¹³C (DMSO-d₆, 300K) δ, ppm: 21.50 (CH₃, Ac), 22.41 (C^δ, Leu), 22.96 (C^δ, Leu), 24.19 (C^β, Arg), 24.71 (CH₃, imidazoline), 24.79 (C^γ, Leu), 28.94 (C^γ, Arg), 39.38 (C^β, Phe), 39.99 (C^δ, Arg), 40.41 (C^β, Leu), 40.91 (C^β, Tyr), 48.63 (CH, imidazoline), 50.84 (C^α, Phe), 51.96 (C^α, Tyr), 52.53 (C^α, Arg), 53.40 (C^α, Leu), 53.78 (CH_2ring, imidazoline), 54.51 (CH_ring, imidazoline), 114.78 (C^γ, Tyr), 126.28 (C^ε, Phe), 127.80 (C^δ, Phe), 129.13 (C^γ, Phe), 129.89 (C^δ, Tyr), 146.50 (C=N, imidazoline), 156.62 (C^ε, Tyr), 157.97 (C^ε, Arg), 170.84 (C=O, Ac), 171.07 (C=O, Tyr), 171.67 (C=O, Leu), 171.84 (C=O(NH2)), 172.59 (C=O, Phe), 173.88 (C=O, Arg).
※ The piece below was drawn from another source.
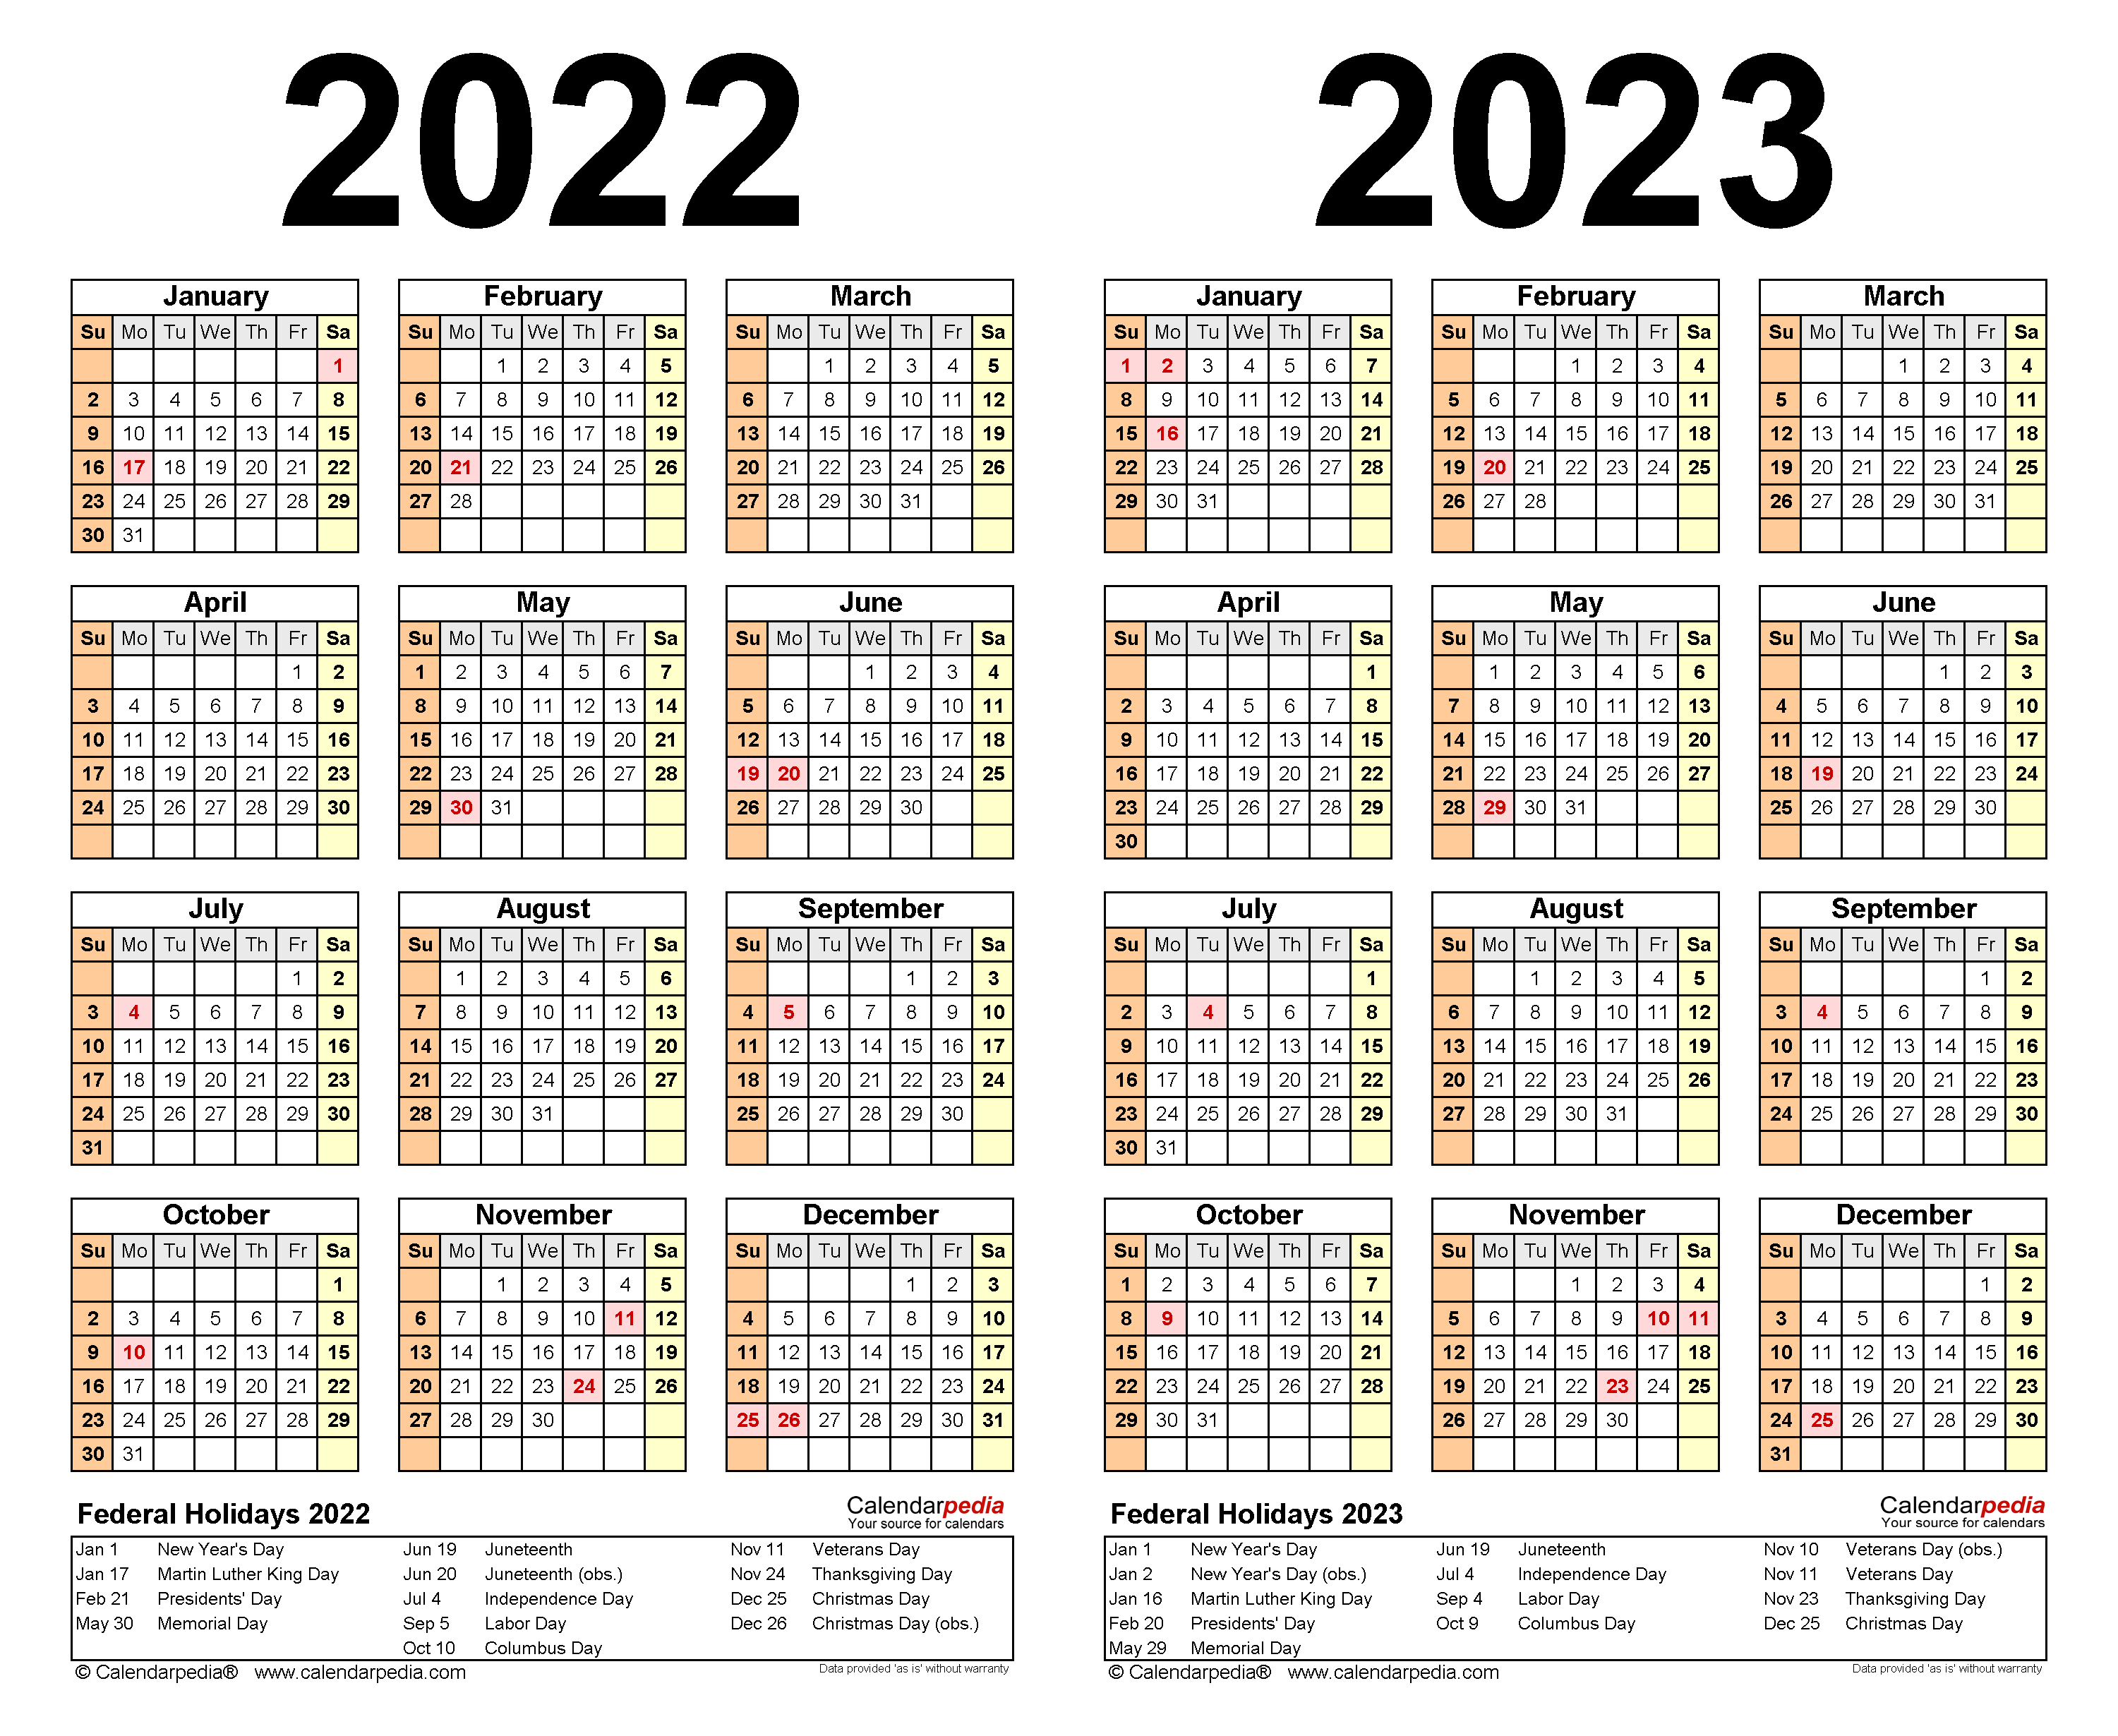 Academic Calendar Template 2022 2023 Universitycalendars net

HPLC trace, HRMS, and all NMR spectra can be found in the Supporting Information.

4. Conclusions

In conclusion, the described synthetic route provides a solid-phase alternative to the introduction of an imidazoline ring motif as a trans peptide bond surrogate into appropriate peptide sequences. It thus offers a useful tool to peptide chemists seeking to develop peptidomimetic analogs of biologically active peptides that can potentially feature selective and/or antagonist properties.